Undoubtedly, trustees may fill vacancies in the board, provided that those remaining still constitute a quorum. The
phrase "may be filled" in Section 29 shows that the filling of vacancies in the board by the remaining directors or
trustees constituting a quorum is merely permissive, not mandatory. Corporations, therefore, may choose how
vacancies in their respective boards may be filled up -- either by the remaining directors constituting a quorum, or
by the stockholders or members in a regular or special meeting called for the purpose.
The By-Laws of GCHS prescribed the specific mode of filling up existing vacancies in its board of directors; that
is, by a majority vote of the remaining members of the board.
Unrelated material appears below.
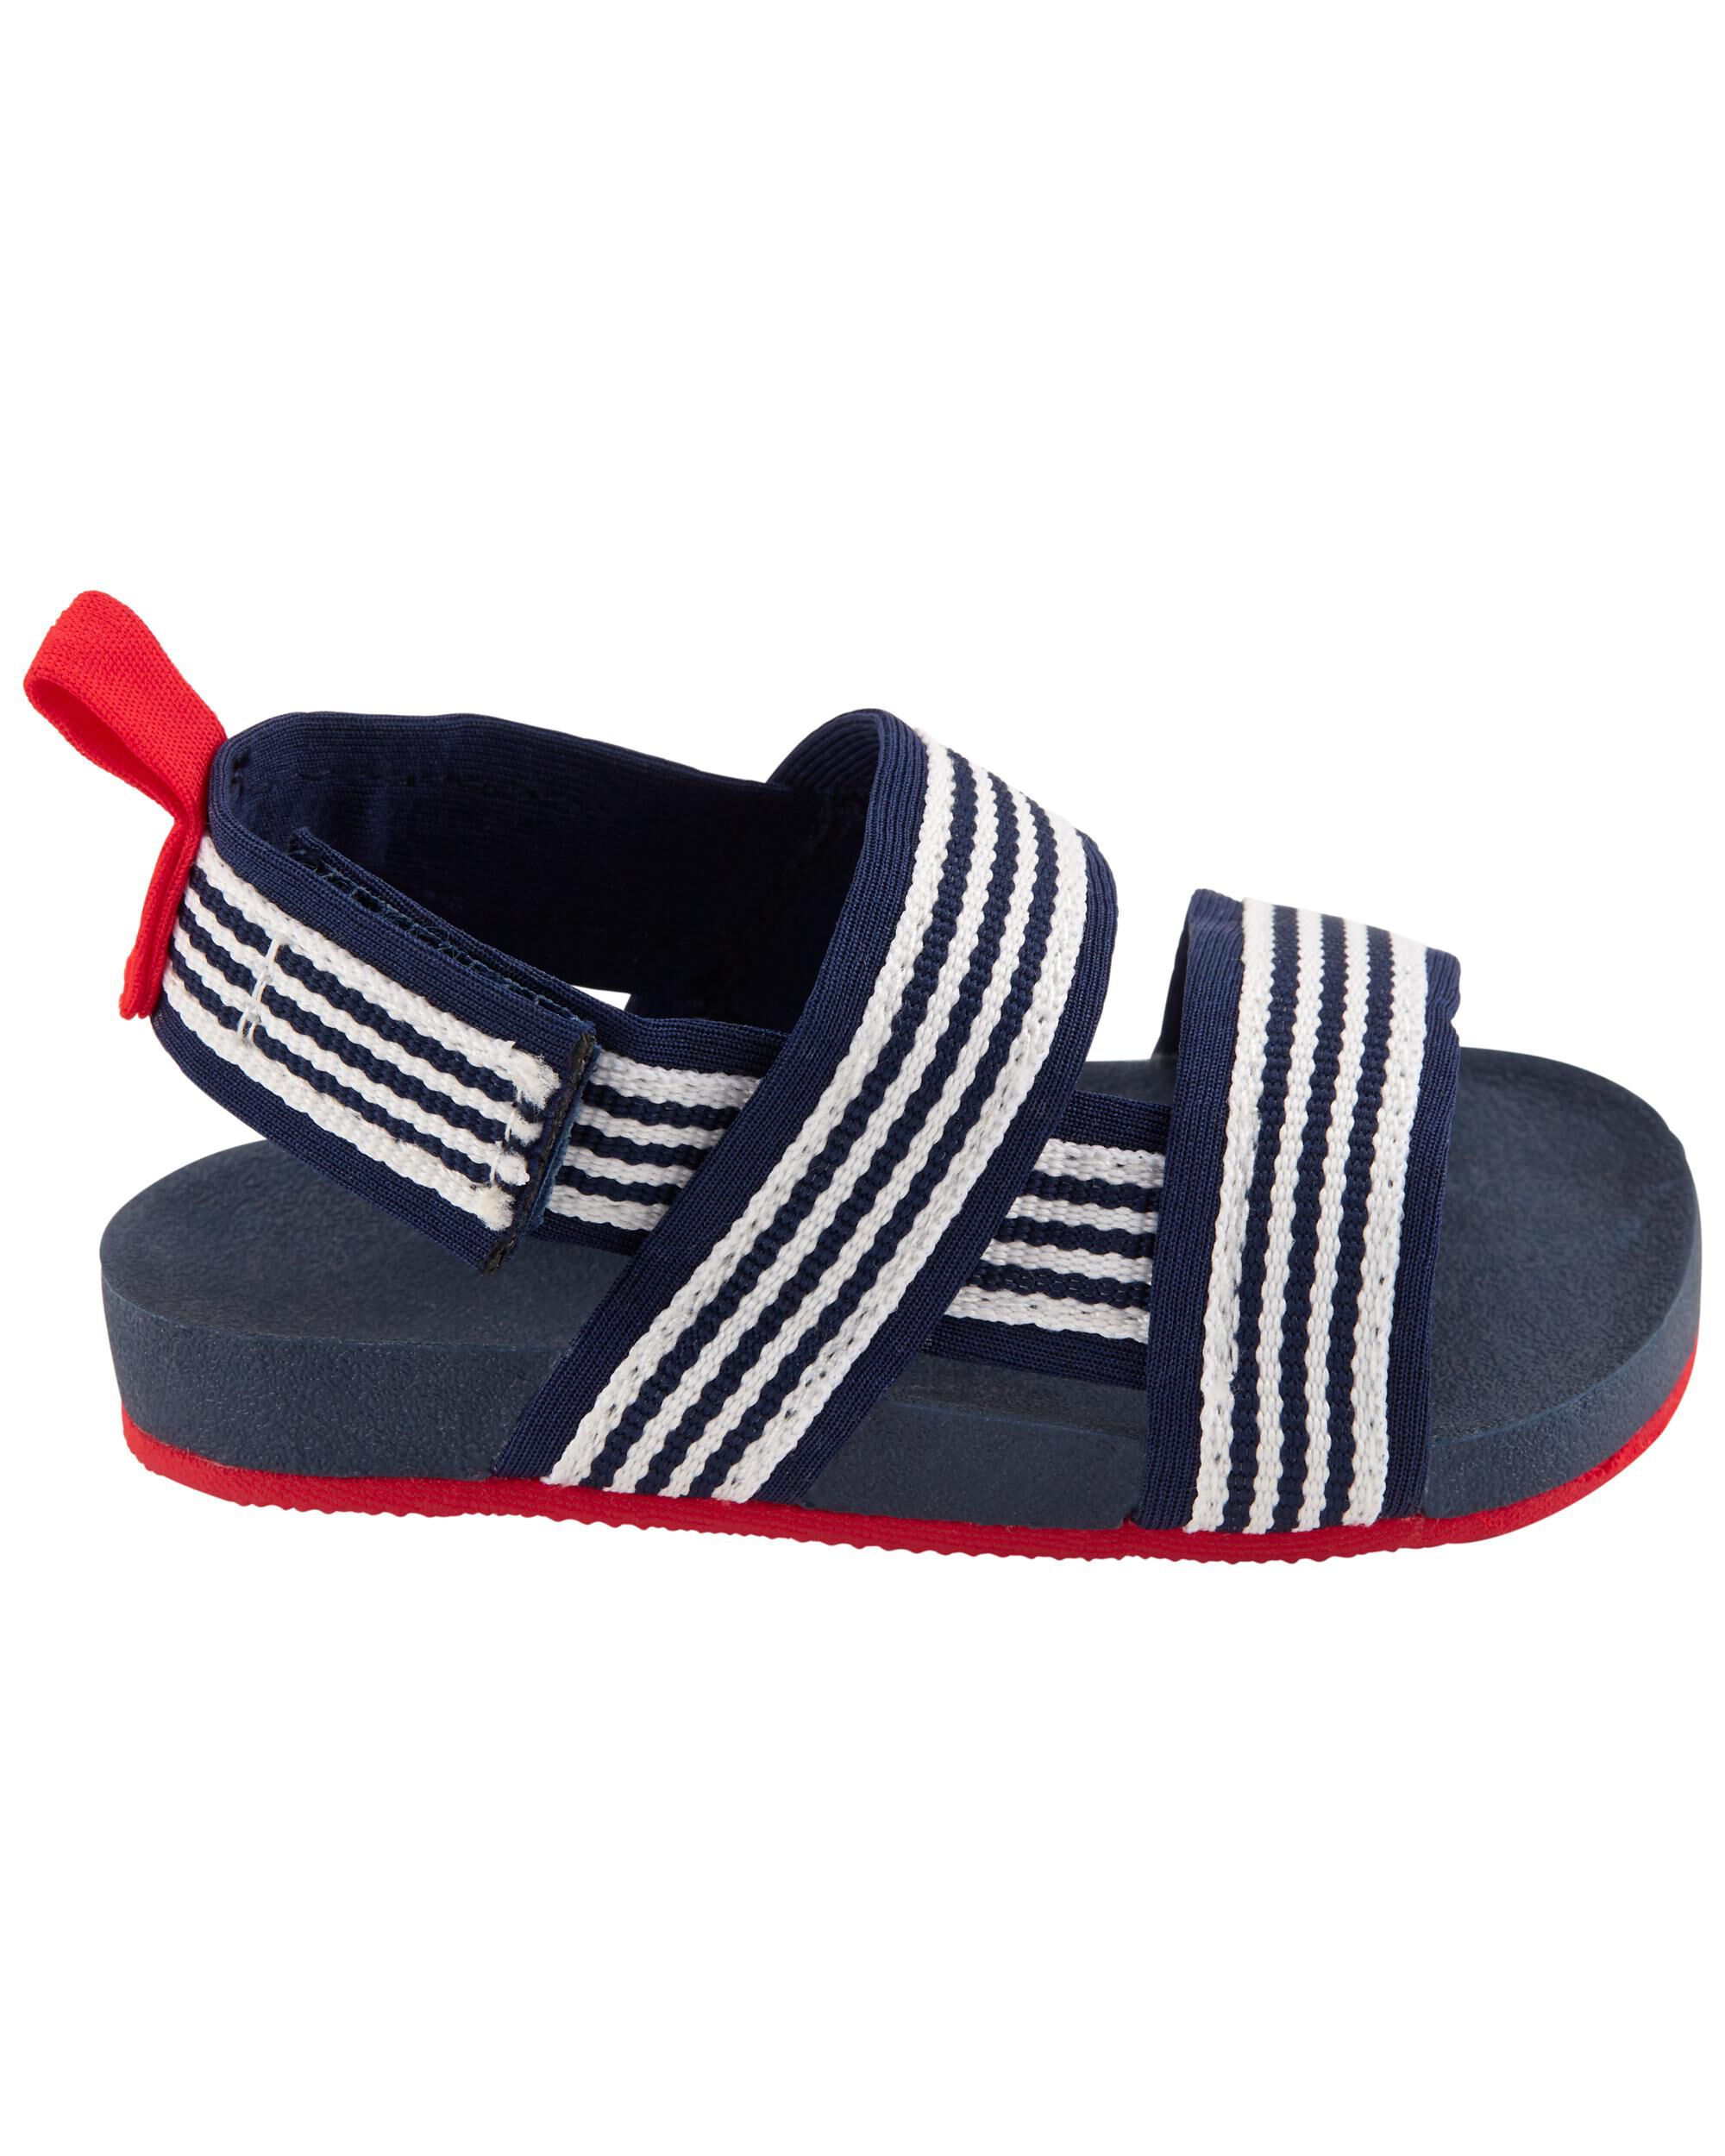 Carter's Cork Sandal Baby Shoes Blue Navy Size 9-12 months size 4 New NWT

While a majority of the remaining corporate members were present, however, the "election" of the four trustees
cannot be legally upheld for the obvious reason that it was held in an annual meeting of the members, not of the
board of trustees. We are not unmindful of the fact that the members of GCHS themselves also constitute the
trustees, but we cannot ignore the GCHS bylaw provision, which specifically prescribes that vacancies in the board
must be filled up by the remaining trustees. In other words, these remaining member-trustees must sit as a board in
order to validly elect the new ones.
Indeed, there is a well-defined distinction between a corporate act to be done by the board and that by the
constituent members of the corporation. The board of trustees must act, not individually or separately, but as a body
in a lawful meeting. On the other hand, in their annual meeting, the members may be represented by their
respective proxies, as in the contested annual members meeting of GCHS.
WHEREFORE, the Petition is partly GRANTED.The assailed Resolutions of the Court of Appeals are hereby
REVERSED AND SET ASIDE. The remaining members of the board of trustees of Grace Christian High School
(GCHS) may convene and fill up the vacancies in the board, in accordance with this Decision. No pronouncement
as to costs in this instance.
SO ORDERED.
Ynares-Santiago, Austria-Martinez, Callejo, Sr. and Chico-Nazario, JJ., concur.